In some circumstances, data subjects can restrict or limit how their personal data is processing.

Scientific or historical research

Data protection legislation states that the processing of personal data for scientific research purposes should be interpreted in a broad manner including for example technological development and demonstration, fundamental research, applied research and privately funded research. It states that scientific research purposes should also include studies conducted in the public interest in the area of public health. Personal data can be processed for historical research purposes, which includes historical research and research for genealogical purposes, bearing in mind that the data protection legislation does not apply to deceased persons.

Special category data

Special category data is personal data that is more sensitive and needs more protection. In order to lawfully process special category data, the University must have a lawful basis as well as an additional condition for processing. Special category data relates to:

  • Racial or ethnic origin,
  • Political opinions,
  • Religious or philosophical beliefs,
  • Trade Union membership,
  • Genetic data
  • Biometric data (where used for ID purposes)
  • Physical and mental health, and
  • Sex life or sexual orientation.

Storage limitation

Personal data should be kept in a form which permits identification of data subjects for no longer than is necessary for the purposes for which the personal data are processed.

Subject access request

The data subject can request confirmation as to whether or not personal data concerning him or her are being processed by the University, and, where that is the case, can have access to their personal data.

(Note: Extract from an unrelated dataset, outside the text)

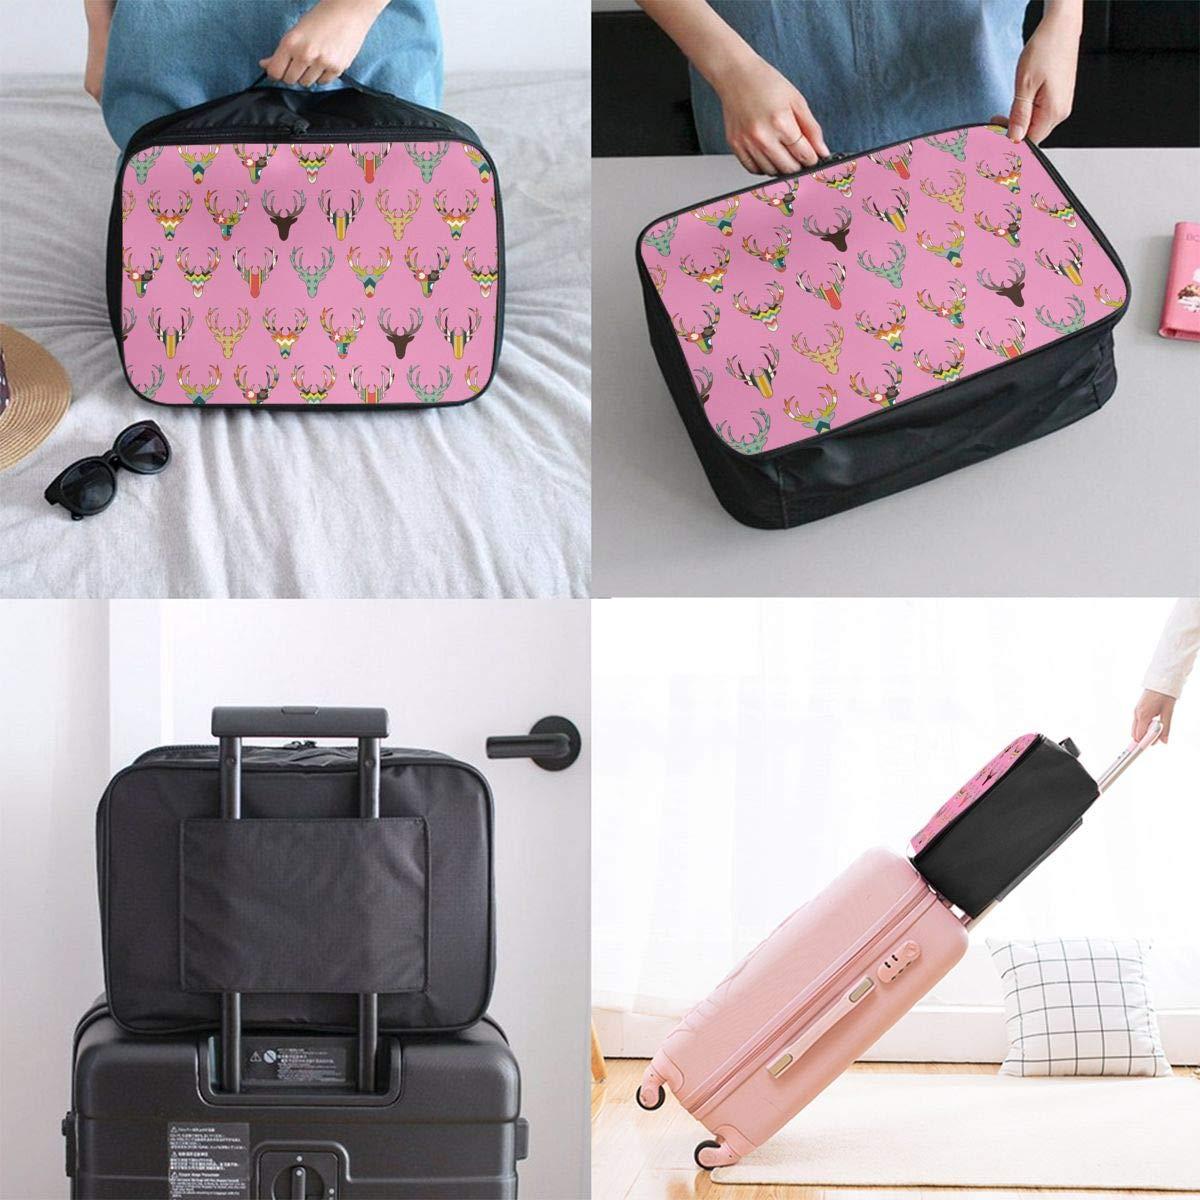 YueLJB Retro Deer Head Lightweight Large Capacity Portable Luggage Bag Travel Duffel Bag Storage Carry Luggage Duffle Tote Bag
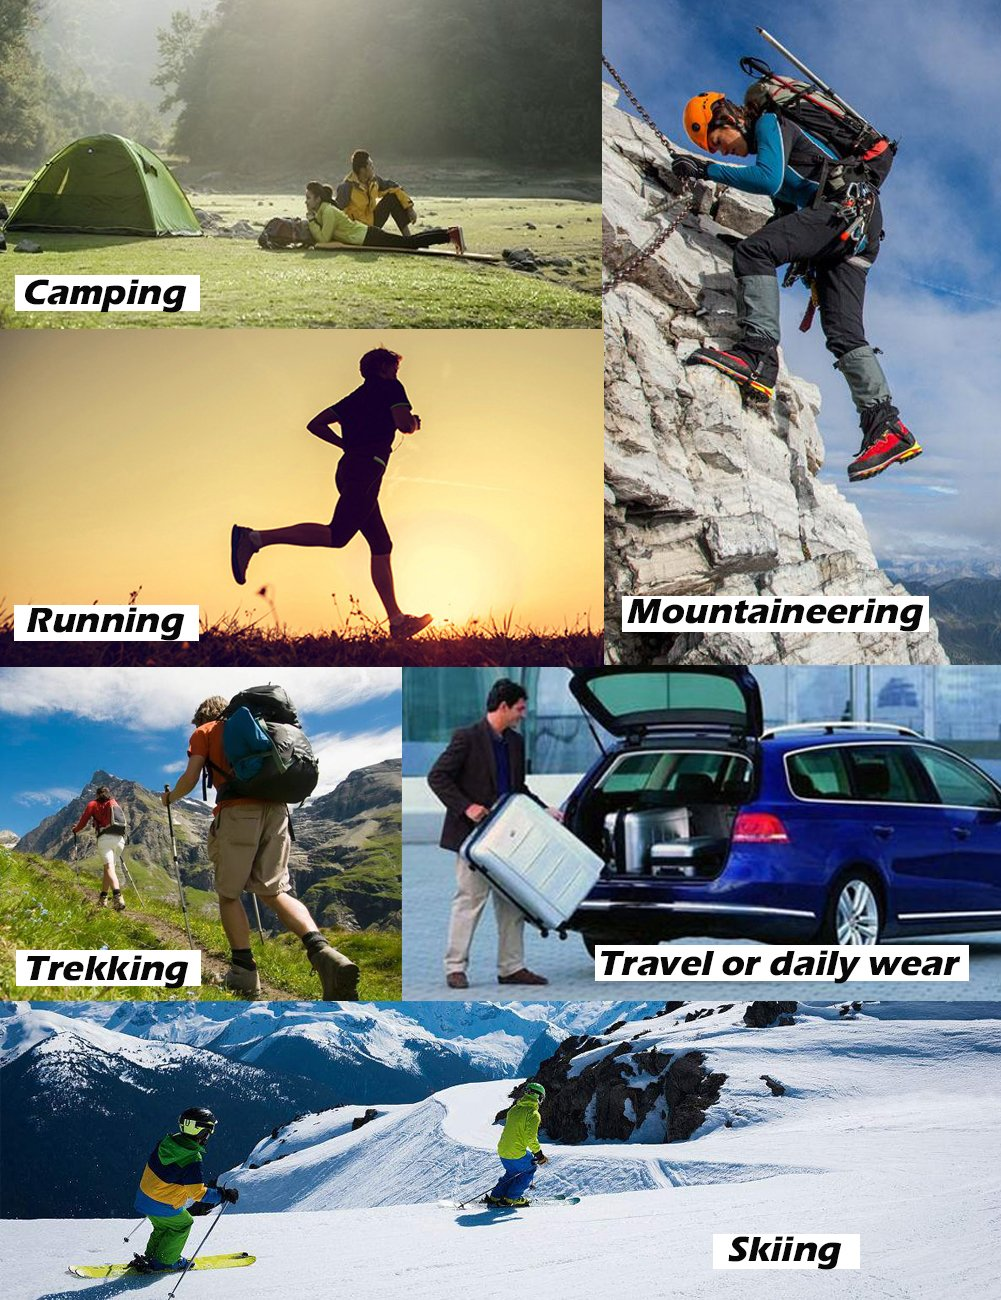 SUDILO Crew Cushion Hiking Trekking Socks,Coolmax Multi Performance Antiskid Wicking Outdoor Athletic Socks by SUDILO (Image #7)

Technical and organisational measures

Data protection legislation requires that appropriate ‘technical and organisational measures’ are put in place – i.e. measures designed to implement the data protection principles and ensure a level of security of personal data proportionate to the risk. In particular, we should be able to ensure the ongoing confidentiality, integrity, availability and resilience of processing systems and services.’

Such measures can include: developing IT security systems and new processes to safeguard data, embedding policies and procedures that are mindful of privacy concerns, ensuring data sharing agreements are in place where required, use of pseudonymisation and encryption, ensuring transparency with data subjects, and implementing processes which regularly monitor / assess data processing and compliance.